In other words, the Bar may soon rule that a defense lawyer may assist the state in responding to allegations of ineffective assistance of counsel, perhaps by discussing the case with a prosecutor or by preparing an affidavit summarizing the attorney’s view of the relevant facts. The Bar views such assistance as permitted under Rule 1.6(b)(6), which allows a lawyer to reveal otherwise confidential information as necessary to respond to allegations concerning the lawyer’s representation of a client. The proposed opinion does emphasize that “lawyers who choose to respond to claims of ineffective assistance of counsel . . . [must] respond in a manner that is narrowly tailored to address the specific facts underlying the specific claim. Simply put, the pursuit of an ineffective assistance of counsel claim by a former client does not give the lawyer carte blanche to disclose all information contained in a former client’s file.”

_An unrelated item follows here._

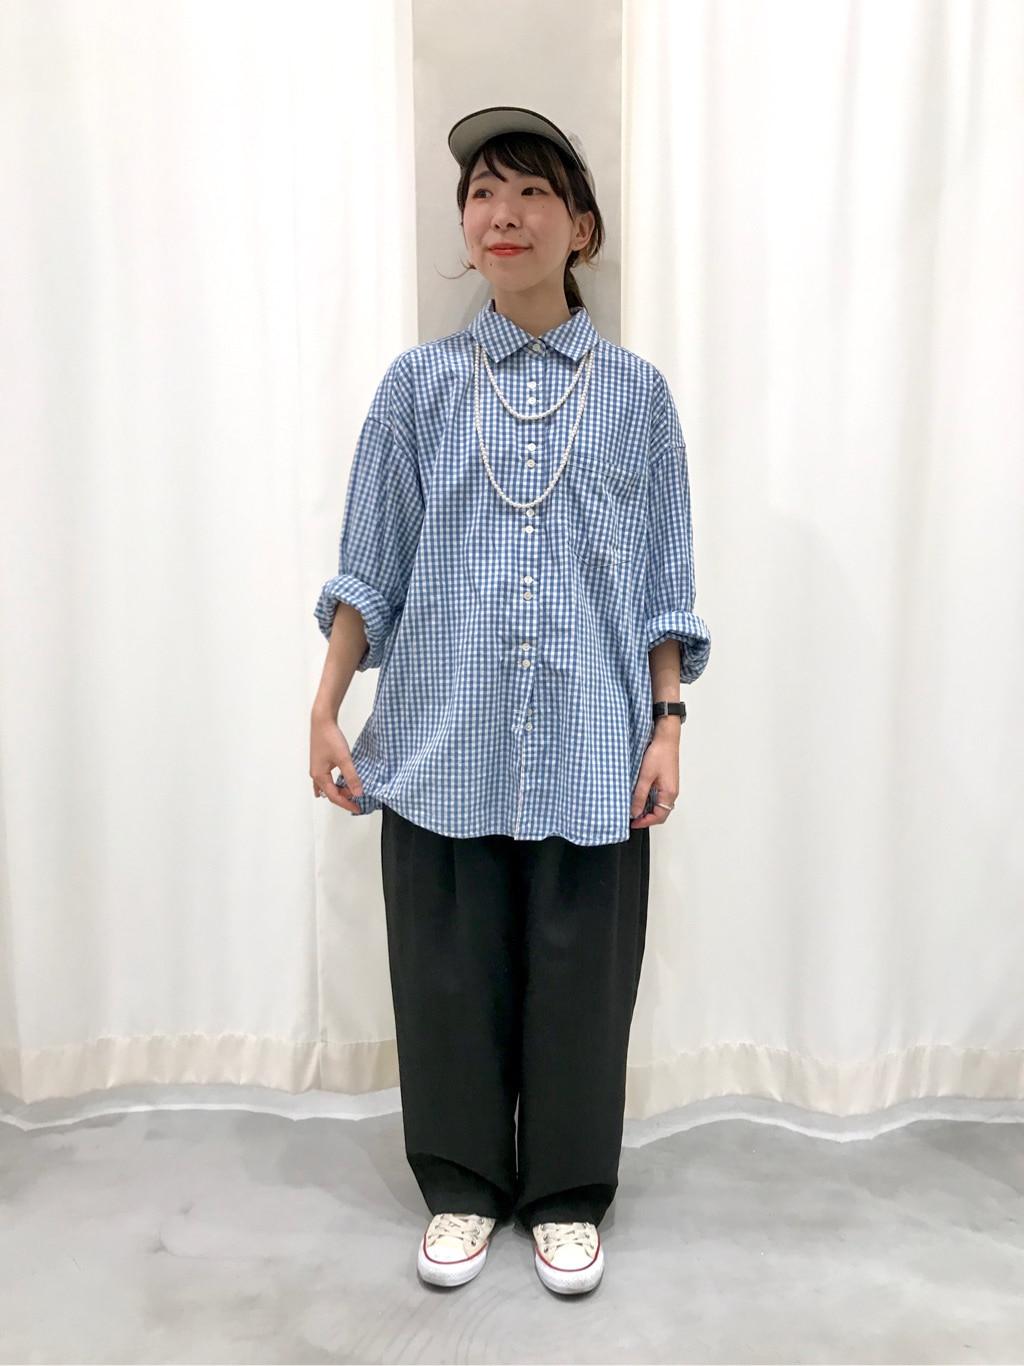 - PAR ICI CHILD WOMAN , PAR ICI 東京スカイツリータウン・ソラマチ 身長:154cm 2020.08.18

The proposed opinion expressly declines to follow an opinion on the same subject recently adopted by the American Bar Association. ABA Formal Opinion 10-456, available here, asserts that “it is highly unusual for a trial lawyer accused of providing ineffective representation to assist the prosecution in advance of testifying” at a hearing on collateral review. That’s an empirical question, and my experience is contrary to the ABA’s conclusion, but it’s probably neither here nor there as to the ethics issue. On the ethics issue, the ABA points out that while a claim of ineffective assistance waives the attorney-client privilege and work product protections as to information needed to respond to the claim, a defendant and his prior attorney may disagree about the scope of the implied waiver. Therefore, the ABA reasons, the attorney ought not disclose anything outside a judicial proceeding, during which the defendant will have an opportunity to object to disclosure. Nor is extra-judicial disclosure normally “necessary” to respond to the defendant’s claim, because many claims of ineffective assistance are dismissed on procedural grounds, while the remainder, in the ABA’s view, may be answered adequately in court. Thus, the ABA concludes that “it is highly unlikely that a disclosure in response to a prosecution request, prior to a court-supervised response by way of testimony or otherwise, will be justifiable.”
I welcome any thoughts about this issue generally and about the Bar’s proposed opinion specifically. If I receive substantive comments, either on the blog or by email, I’ll forward them to the Bar.